0805 components are supposed to lie flat, but this is one time when "tombstone" position is definitely needed. For those visitors who don't know "0805" means the component is 0.08 inches long by 0.05 inches wide. 0603 size are more difficult to use for hand assembly, but the skill can develop. 0402? ..well, not a good idea for this! 

Here is how we use them to make a termination to the coaxial input that is good to 1.5GHz. The use of two resistors puts their self-inductance components in parallel, the combination being much less than either. The "1000" marking is in fact the 100 ohm resistor. The other resistor is out of sight behind the the incoming centre conductor.

The point here is that the 68 ohm wire-ended resistor seen earlier (closeup view at right) might be OK for frequencies below 100MHz, and has been seen to work effectively beyond 800MHz, it is not the thing to be using if you want it good to beyond 1GHz.

It is tricky to put it all together. First, the coax is rolled into position, tinned centre conductor up against the incoming coax connector centre spill, and gently tacked there with solder. Holding the coax steady with tweezers, another temporary tack at the other end outer to the strip underneath. Once held, the hardline outer can be secured to the strip below with more proper flowed solder joints.
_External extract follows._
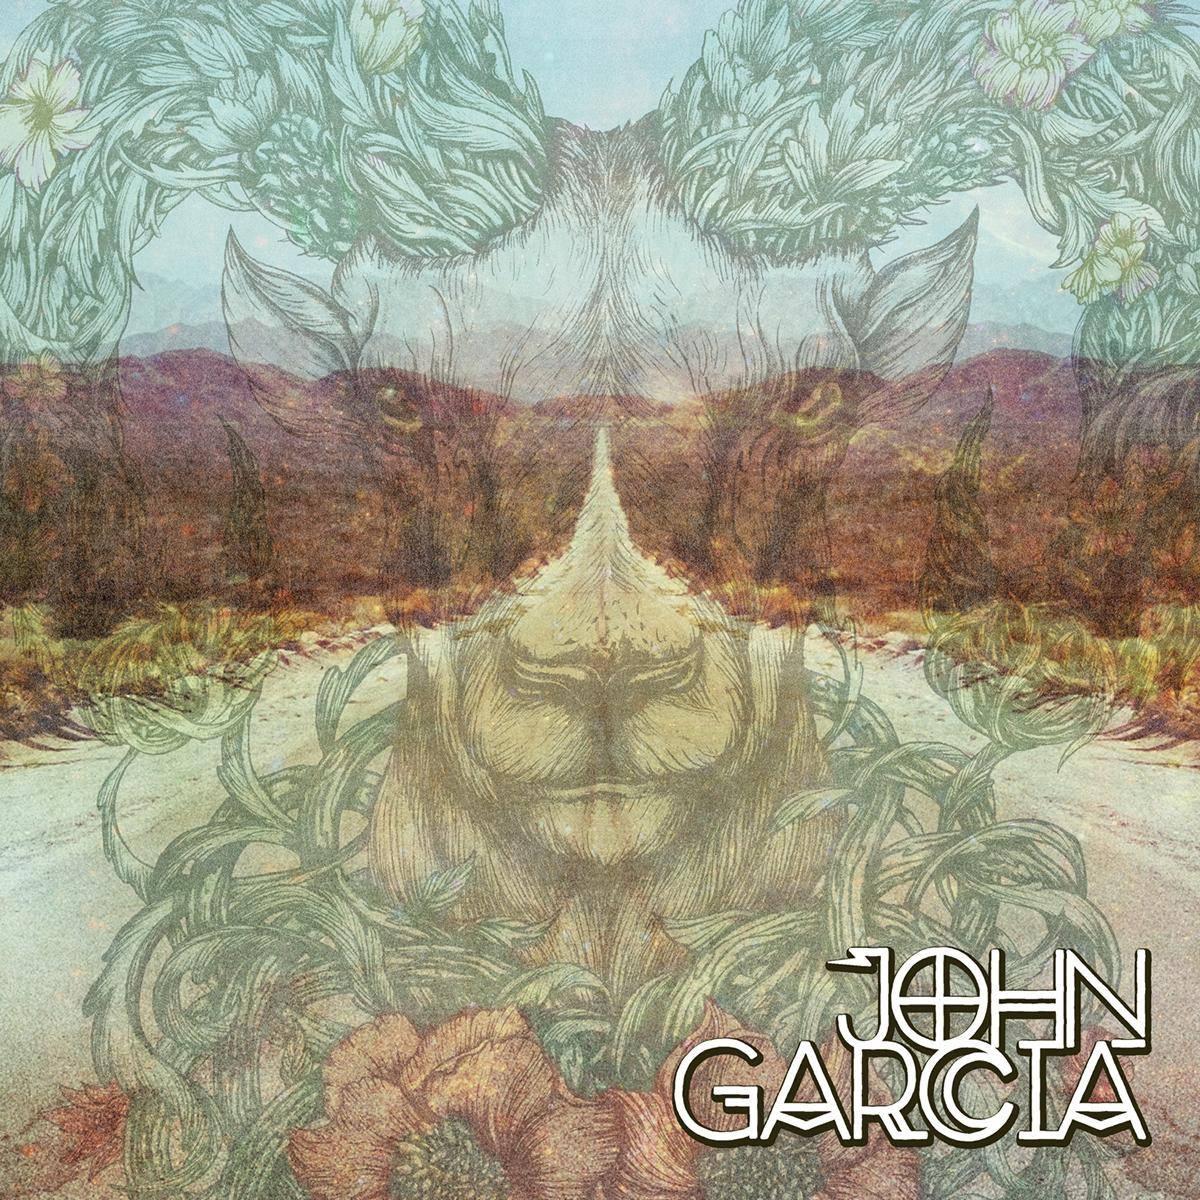 John Garcia – Self-Titled  (Album Review)
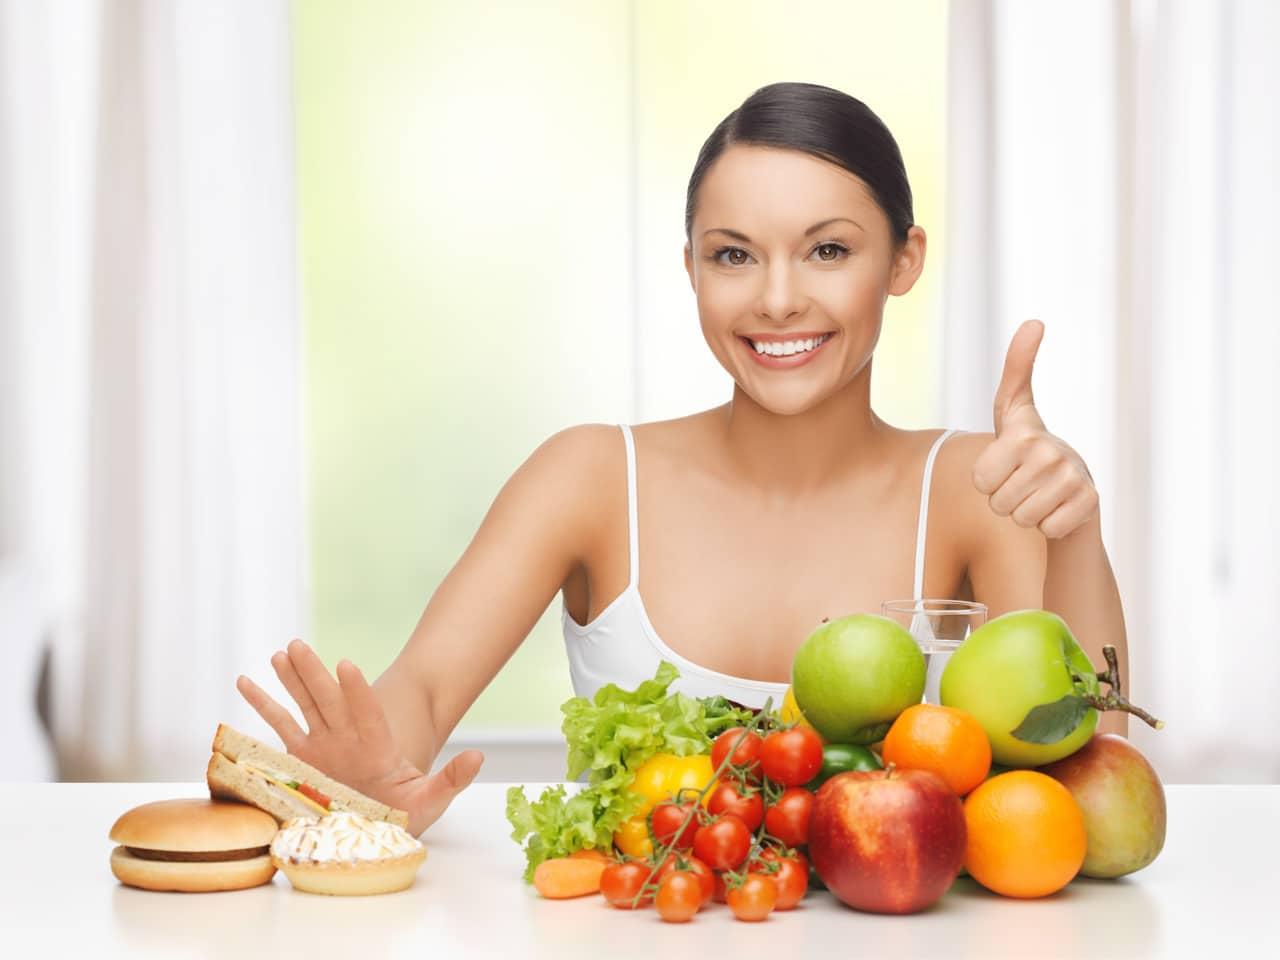 Eine Frau greift zu Gemüse und nicht Junkfood

Similar when mounting the resistors. Hold in place, and tack the top end. Then solder the groundplane end. Then return to the tack, suck away solder if necessary, and re-do the top properly. 

So what about those "Plastic Bits"?

Our re-worked mixer is nearly there, but not quite. I try one of those plastic squares - just holding it across the "forks" with a finger. Wow! The effect is dramatic. The trace levels out, and loses most of the wobbles! There is still a slight 2dB droop around 600MHz. The black plastics are slightly curved, as if they need heat or something to flatten out. And they are a kind of brittle!. Ah..Ha - maybe magnetic..YES! By now, one has broken in two, but I confirm the little things stick to a magnet.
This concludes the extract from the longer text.